Why did you introduce a 20mph speed limit on residential roads and busy pedestrian streets across Wales?

The evidence from around the world is very clear – decreasing speeds will reduce collisions, save lives, and reduce injuries – helping to improve quality of life and make our streets and local communities safer for all.

Research undertaken by public health practitioners and Edinburgh Napier University suggests that the 20mph default speed limit in Wales could result – every year – in around:

  • 40% fewer collisions
  • 6 to 10 lives saved
  • 1,200 to 2,000 people avoiding injury

The change is also intended to:

  • make streets safer for playing, walking and cycling
  • encourage more people to walk, wheel or cycle
  • makes our communities safer
  • improve health and wellbeing
  • reduce noise pollution

The legislation was approved by the Senedd in July 2022.

Have all 30mph roads changed to 20mph?

These changes affect most roads that were 30mph before 17 September 2023, but not all.

The law changed the default speed limited on restricted roads. These are usually residential or busy pedestrian streets with streetlights. 

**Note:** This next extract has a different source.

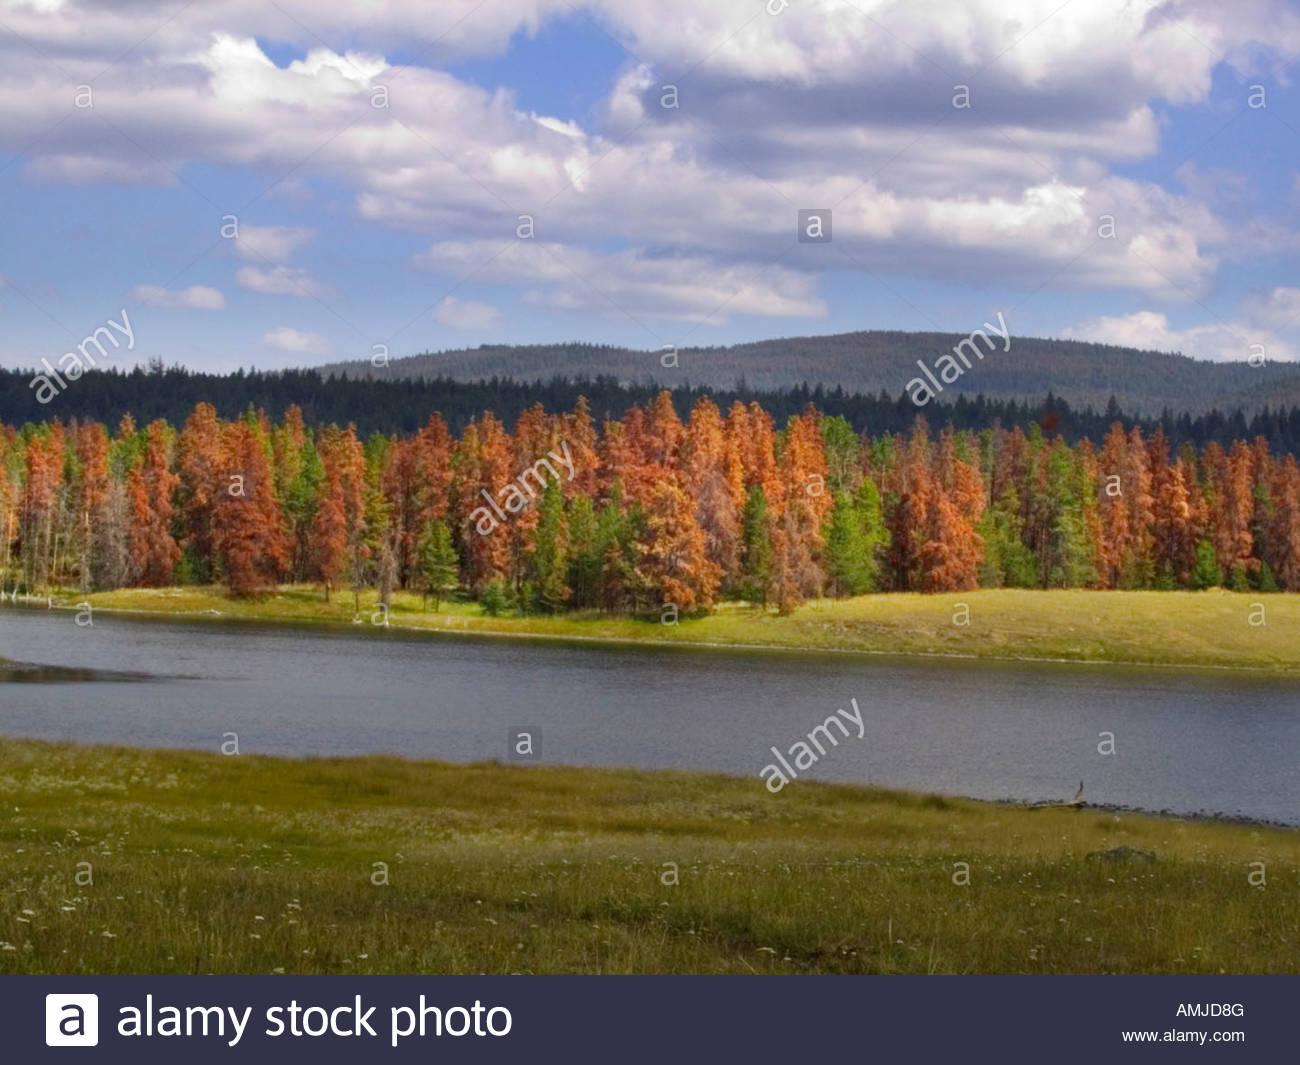 Pine trees killed by Mountain Pine Beetle Dendroctonus ponderosae - Stock Image

We provided local authorities with guidance to help them to choose which of their roads should remain at 30mph.

We have published a map on DataMapWales that shows which roads have stayed at 30mph.

How much is this change costing?

The introduction of the 20mph speed limit has cost around £32 million.

Research undertaken by public health practitioners and Edinburgh Napier University suggests that the estimated reduction in casualties each year from the introduction of the 20mph default speed limit in Wales, could provide around £92m in prevention savings.

This includes, but is not limited to, reduced impact on the NHS and emergency services. Other savings included are human costs and lost output (including future lost earnings). 

It does not include the potential wider health benefits of people walking and cycling more. 

Why do people say this change will cost the economy £4.5 billion?

Our assessment shows that reducing speeds to 20mph could result in an average increase of one minute per journey, balanced against saving up to 9 lives and preventing up to 98 serious injuries each year.

Before the law was passed, we produced an impact assessment that considered all the potential estimated costs and benefits. This was included in the explanatory memorandum.

It included the costs of any delays to travel time, including journeys for leisure, over 30 years. There has been some academic debate about this method. Our Welsh transport appraisal guidance (WelTAG) specifically excludes consideration of journey time savings for private car users as a benefit (and by implication, journey time delays as a detriment) as this does not support the priorities and ambitions of the Wales Transport Strategy.

Therefore, some elements of the estimated cost to the economy may be more uncertain.

Research undertaken by public health practitioners and Edinburgh Napier University suggests that the estimated reduction in casualties each year from the introduction of the 20mph default speed limit in Wales, could provide around £92m in prevention savings.

What did you learn from the 20mph trial areas?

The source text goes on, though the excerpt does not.